**HOW TO COMPLETE THIS TASK:**
Starting from the line with "Cánh cò trắng" and going up to and including the line with "South Stormont implements burn ban", copy the listing below exactly. Leave all images out.
:: INPUT FOR THIS TASK
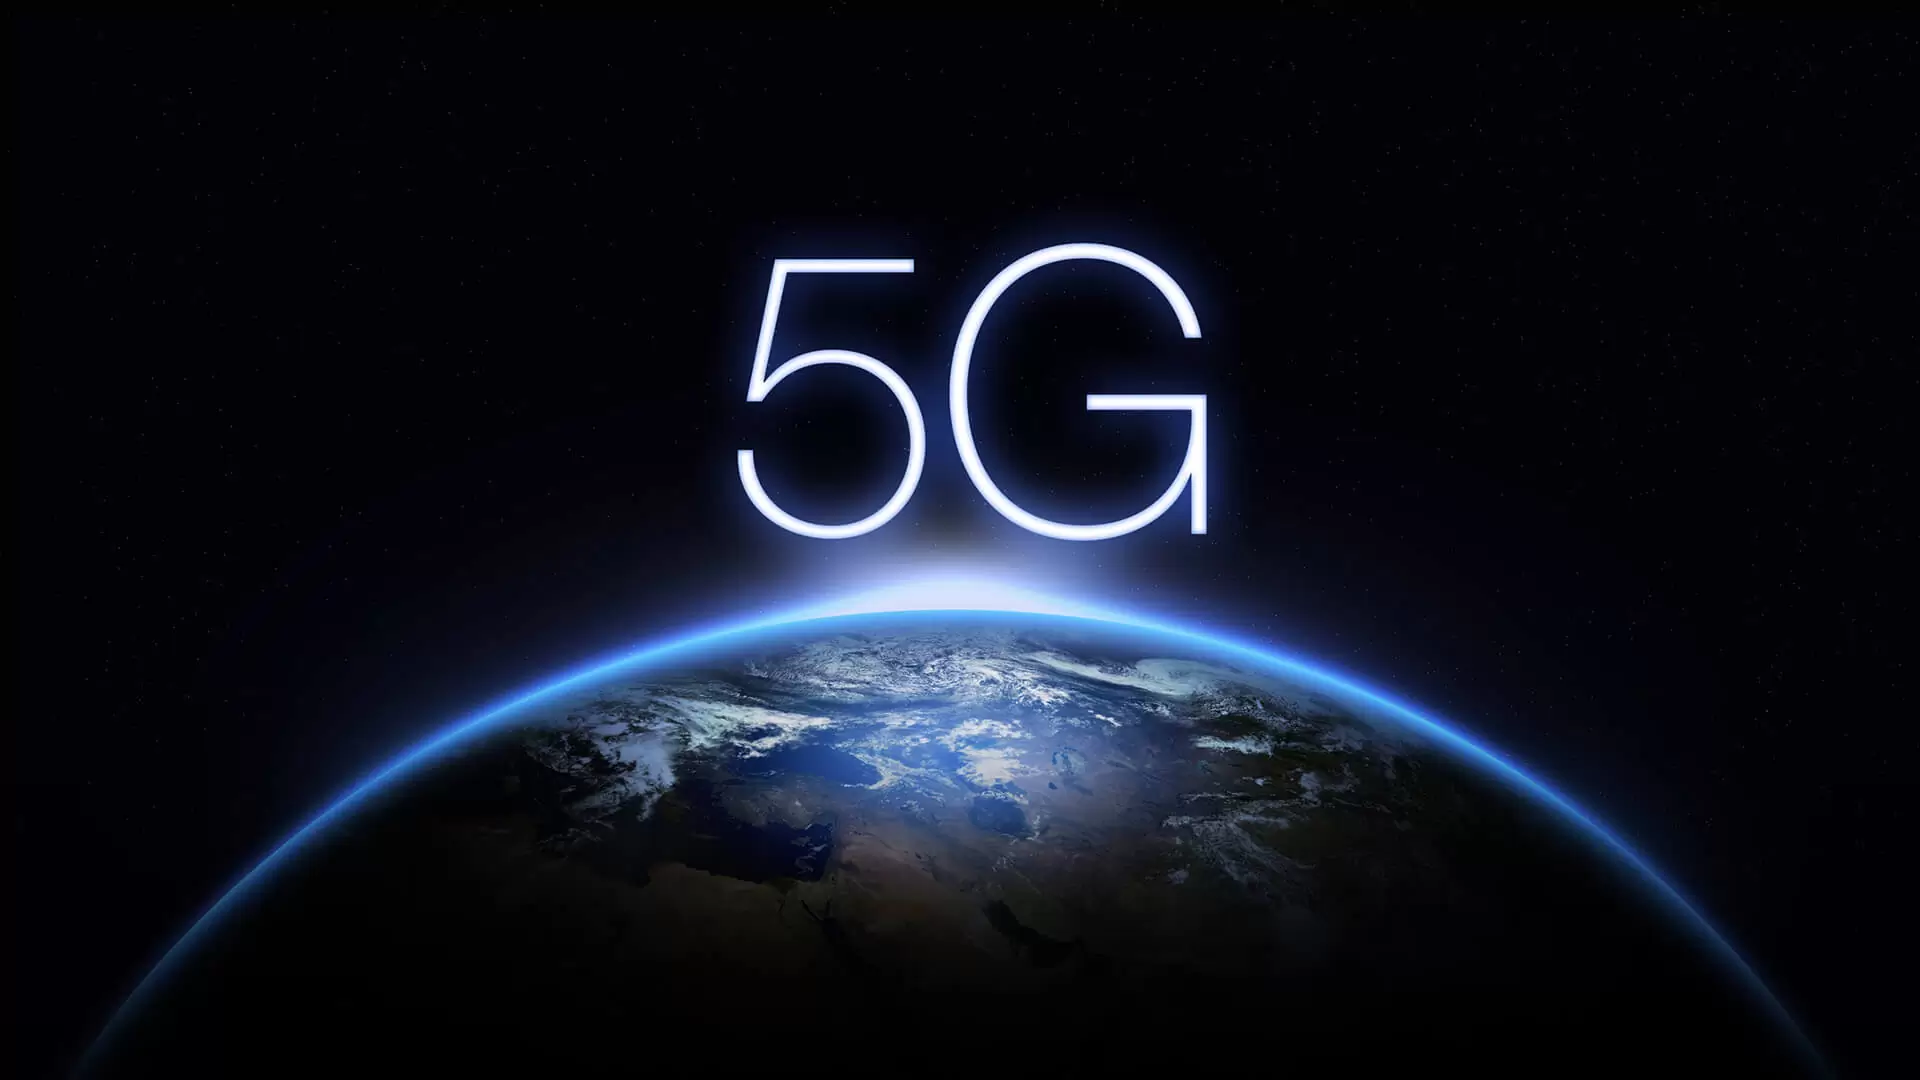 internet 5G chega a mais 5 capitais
::::
:: INPUT FOR THIS TASK
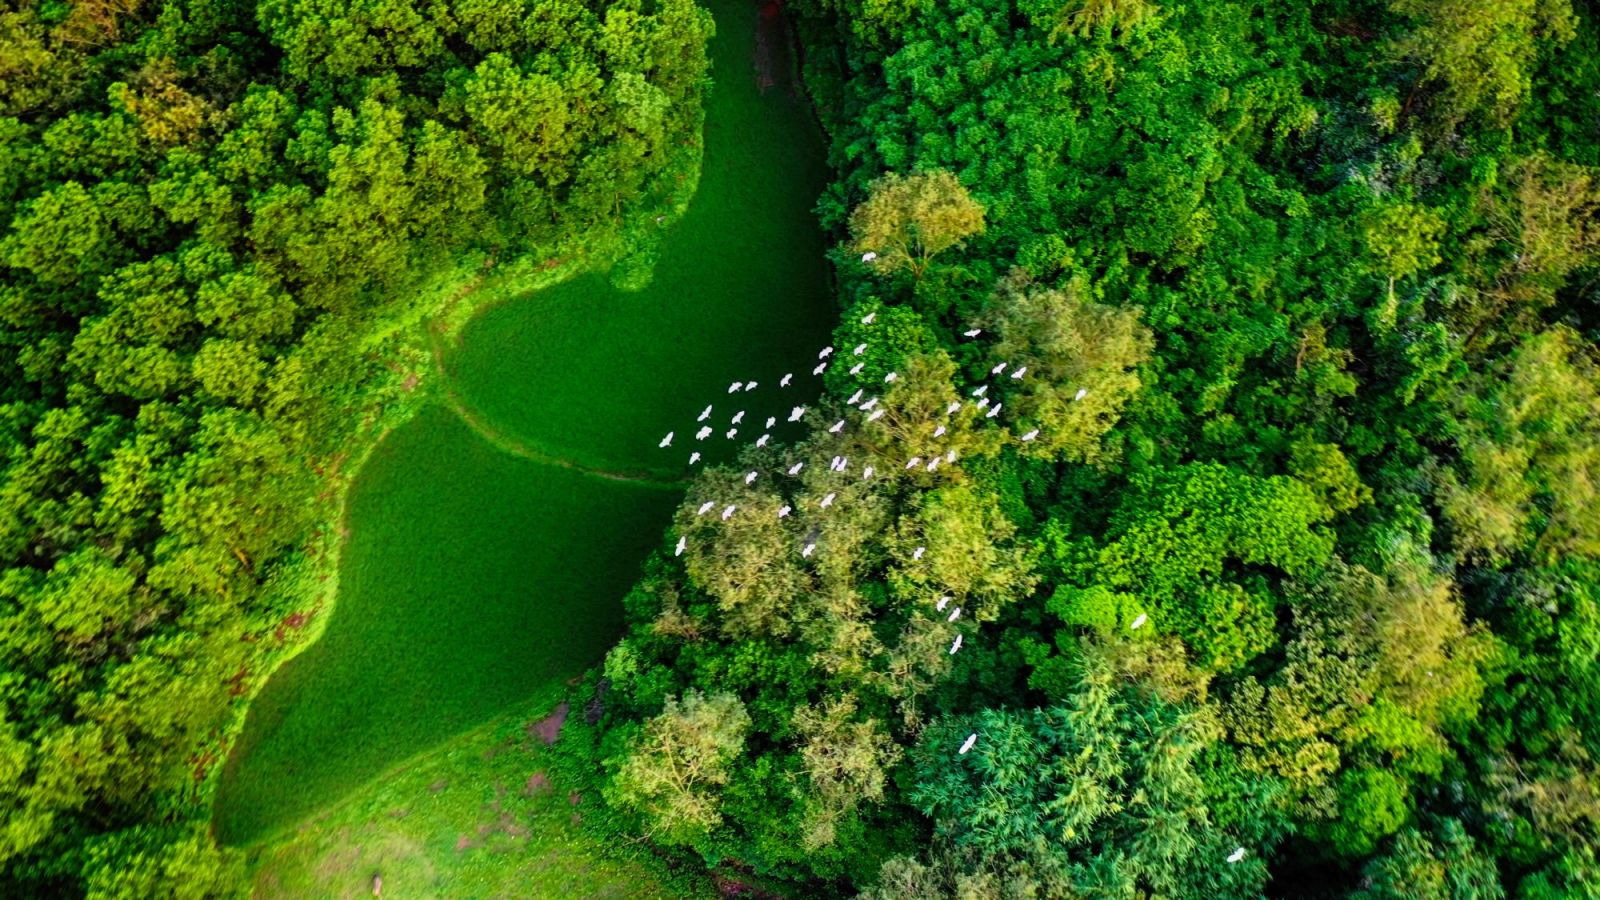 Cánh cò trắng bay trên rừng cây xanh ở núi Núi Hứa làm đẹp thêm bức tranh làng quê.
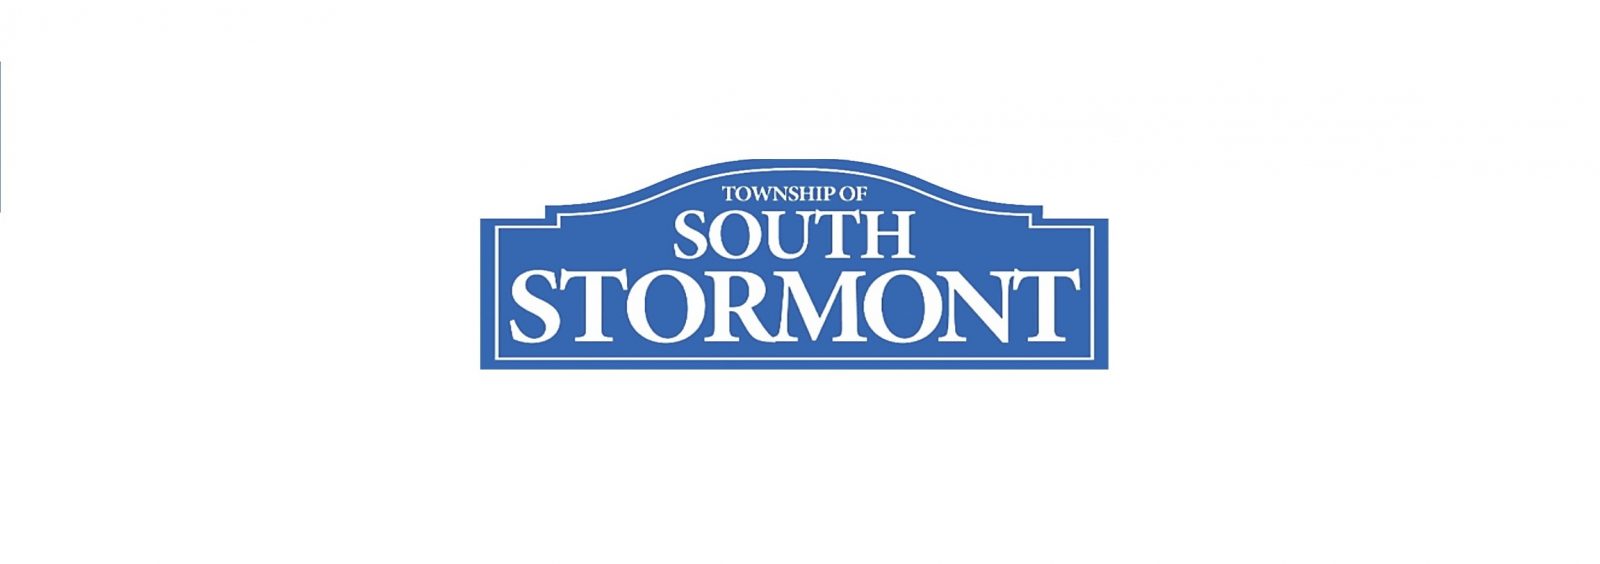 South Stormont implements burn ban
::::
:: INPUT FOR THIS TASK
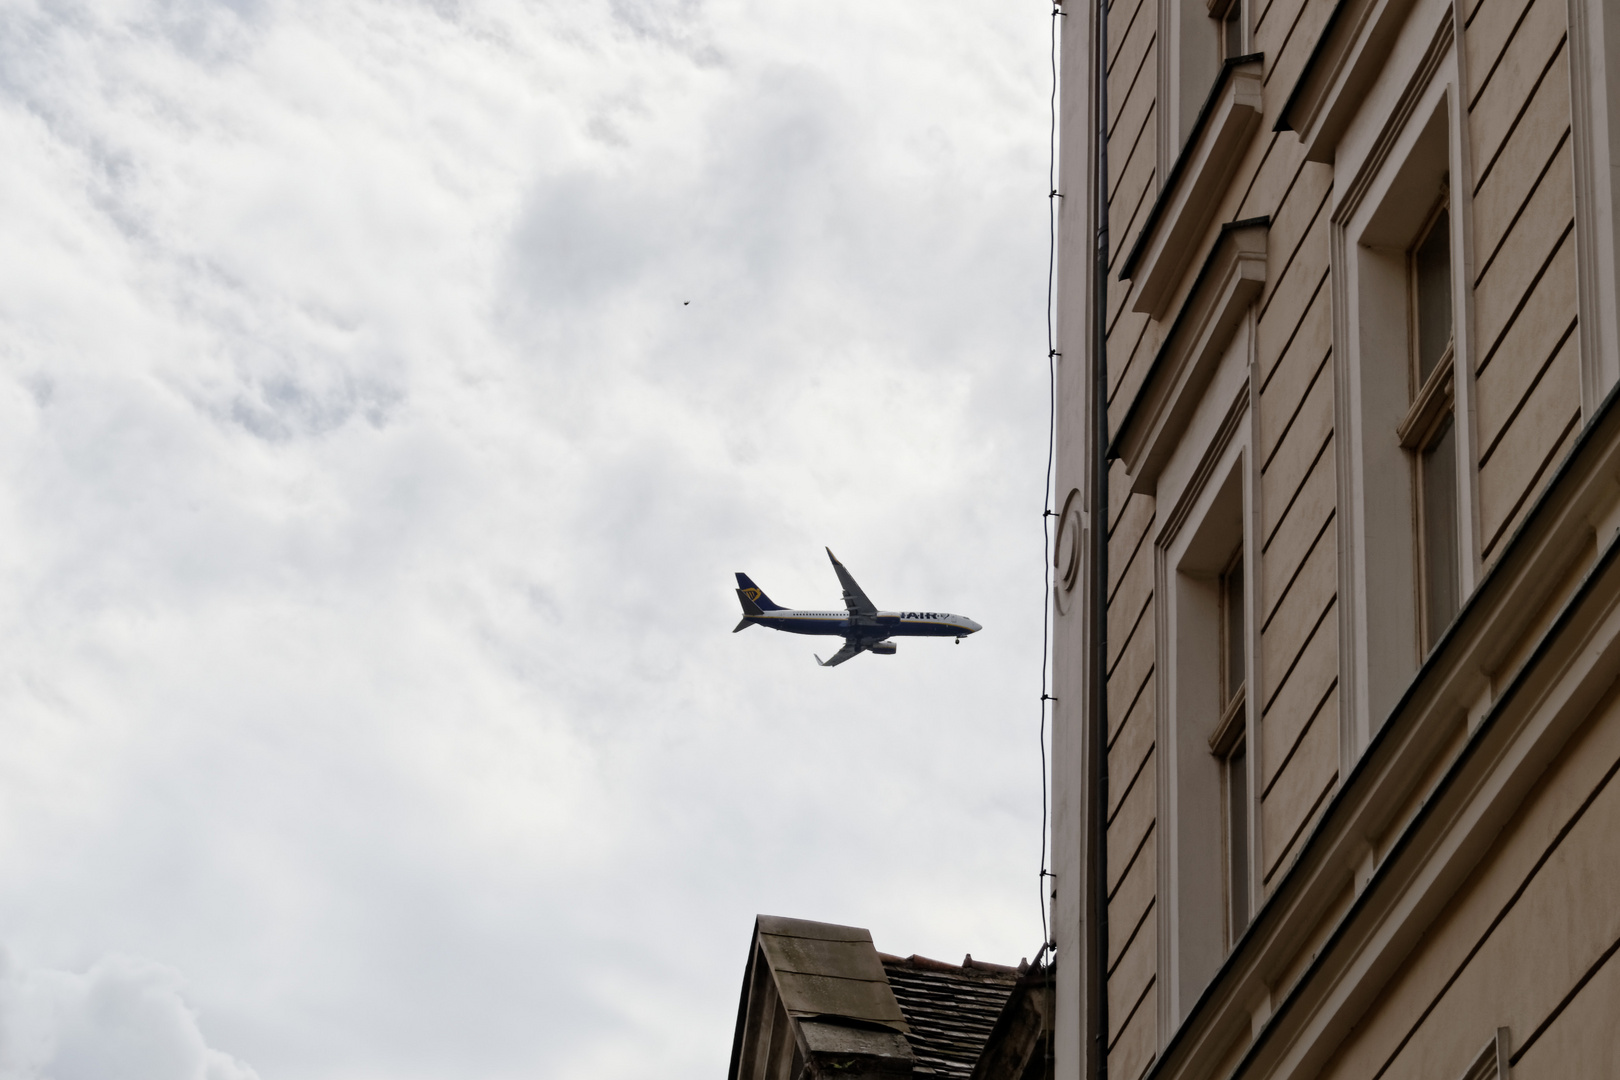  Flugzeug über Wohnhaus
::::
**TASK SOLUTION:**
 Cánh cò trắng bay trên rừng cây xanh ở núi Núi Hứa làm đẹp thêm bức tranh làng quê.
 South Stormont implements burn ban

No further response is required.